Emmanuel Macron à Ouagadougou, le 28 novembre 2017. / LUDOVIC MARIN / AFP

Emmanuel Macron a achevé à Accra, au Ghana, jeudi 30 novembre, sa première tournée en Afrique de l’Ouest après une première étape à Ouagadougou et le sommet Union européenne-Union africaine à Abidjan.

Que faut-il retenir de ce périple africain ? Francis Kpatindé, maître de conférences à Sciences Po Paris, analyse le style Macron dans le fond et dans la forme.

L’épisode avec le président Kaboré et la climatisation a été très critiqué, notamment chez beaucoup d’Africains. Est-ce un faux pas selon vous ?

Francis Kpatindé : oui, car M. Macron se serait-il permis de dire cela à un président européen, asiatique ou américain ? Je ne crois pas. Mais il faut replacer cette bourde dans son contexte. Il s’exprimait face à des étudiants. Emmanuel Macron fait souvent des dérapages même en France. Je pense à ses déclarations sur les couches sociales les plus déshéritées et les Comoriens. Souvenez-nous des kwassa-kwassa qui envahiraient l’île française de Mayotte. Donc il est coutumier du fait, même dans son pays.

Emmanuel Macron a affirmé qu’il n’y avait plus de politique africaine de la France. Or, durant ce long discours, il a multiplié les annonces.

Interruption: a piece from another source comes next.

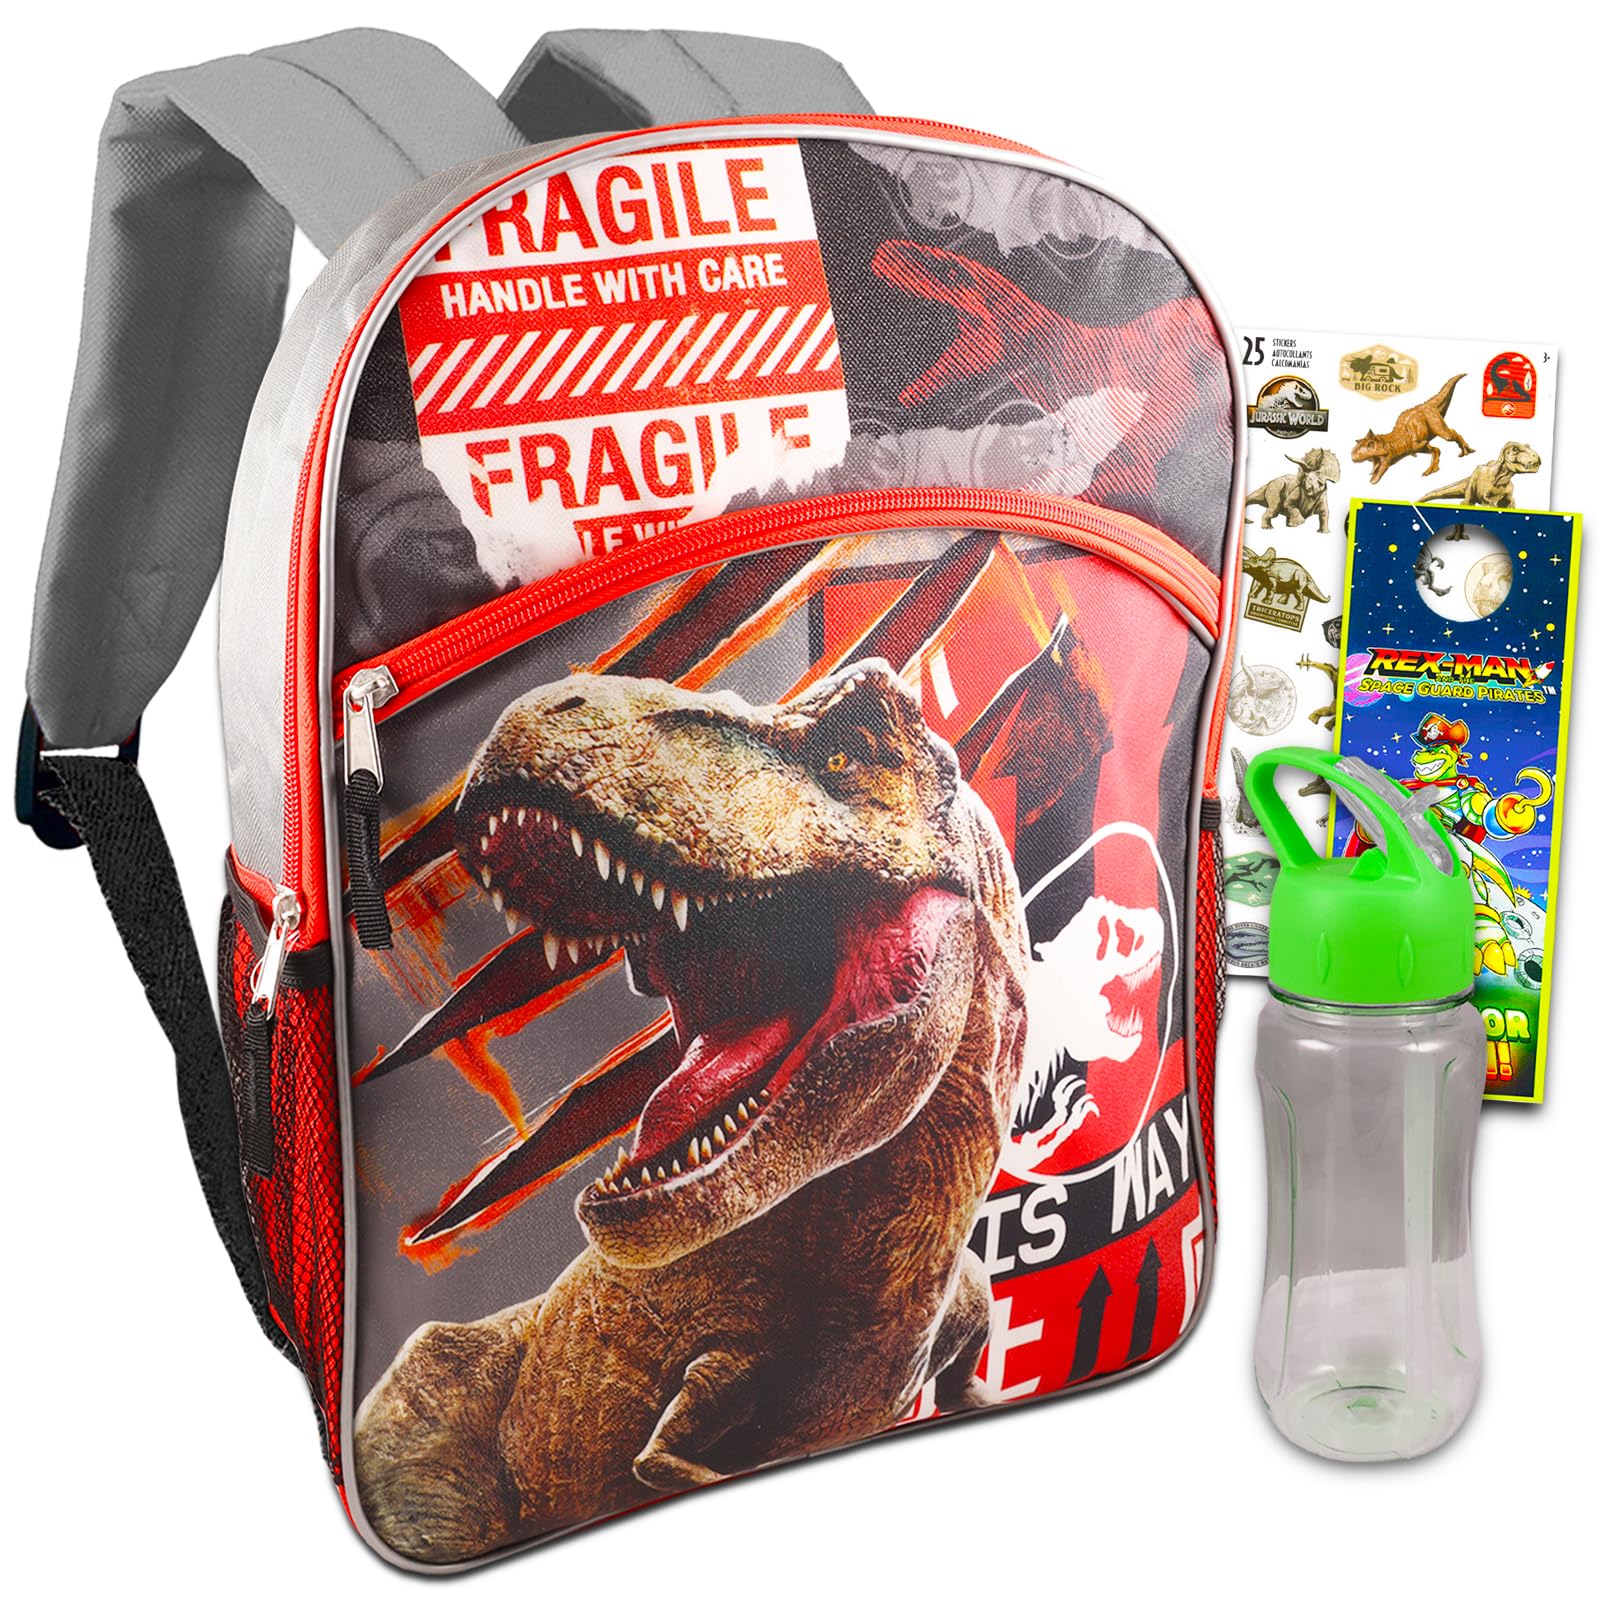 Jurassic World Backpack for Kids, Toddlers - Jurassic Park School Supplies Bundle with 16” T-Rex School Bag Plus Stickers, Water Pouch, and More (Dinosaur Travel Bag)

Comment analysez-vous ce paradoxe ?

Il y a une politique africaine. Vous connaissez beaucoup de pays où il y a une cellule africaine ? Actuellement, il y a deux conseillers Afrique à l’Elysée et un conseil présidentiel pour l’Afrique. A ma connaissance, il n’y a pas une telle structure pour l’Amérique latine ou l’Asie.

Sur le franc CFA, Emmanuel Macron a expliqué que ce sont aux Africains de décider de garder ou non cette monnaie. Est-ce aussi simple ?

Non. C’est une manière d’esquiver le débat. Dans les quatorze pays qui l’utilisent, c’est le seul débat qui vaille, car le franc CFA est le dernier lien ombilical avec l’ancienne puissance coloniale. C’est anormal que 50 % des réserves de change des pays de la zone franc soient déposées au Trésor français. C’est anormal que ce type de relations perdure. Les pays africains ont donc une partition à jouer. La France aussi. Or Emmanuel Macron a esquivé le débat.

Contrairement à nombre de ses prédécesseurs, Emmanuel Macron n’a pas dénoncé les régimes autoritaires africains. Comment cela a-t-il été perçu dans la jeunesse africaine ?

Ce que les jeunes Africains veulent, ce n’est pas que la France renverse les derniers dictateurs africains, mais que la France n’empêche pas qu’ils soient renversés par eux. Vous savez que, par le passé, la France a toujours évité que certains chefs d’Etat ne soient débarqués. Même pour Blaise Compaoré [chassé par une révolte populaire en 2014 après vingt-sept années au pouvoir], la France a failli empêcher la voix du peuple de se faire entendre. A la dernière minute, Paris a aidé à exfiltrer Blaise Compaoré vers la Côte d’Ivoire.

Peut-on dire qu’Emmanuel Macron est dans la continuité par rapport à ses prédécesseurs ?

Il y a une rupture dans le style et sur le fond. Il aura 40 ans le 21 décembre. Il n’a donc connu ni la colonisation, ni la décolonisation. Mais il hérite d’un Etat, d’une histoire, d’un passif. Il ne peut pas, en sept mois, éradiquer un système quasi-mafieux, pour qualifier ce que fut la Françafrique. Il faut donner du temps au temps.

A-t-il réussi à convaincre la partie de la jeunesse toujours plus hostile à la France ?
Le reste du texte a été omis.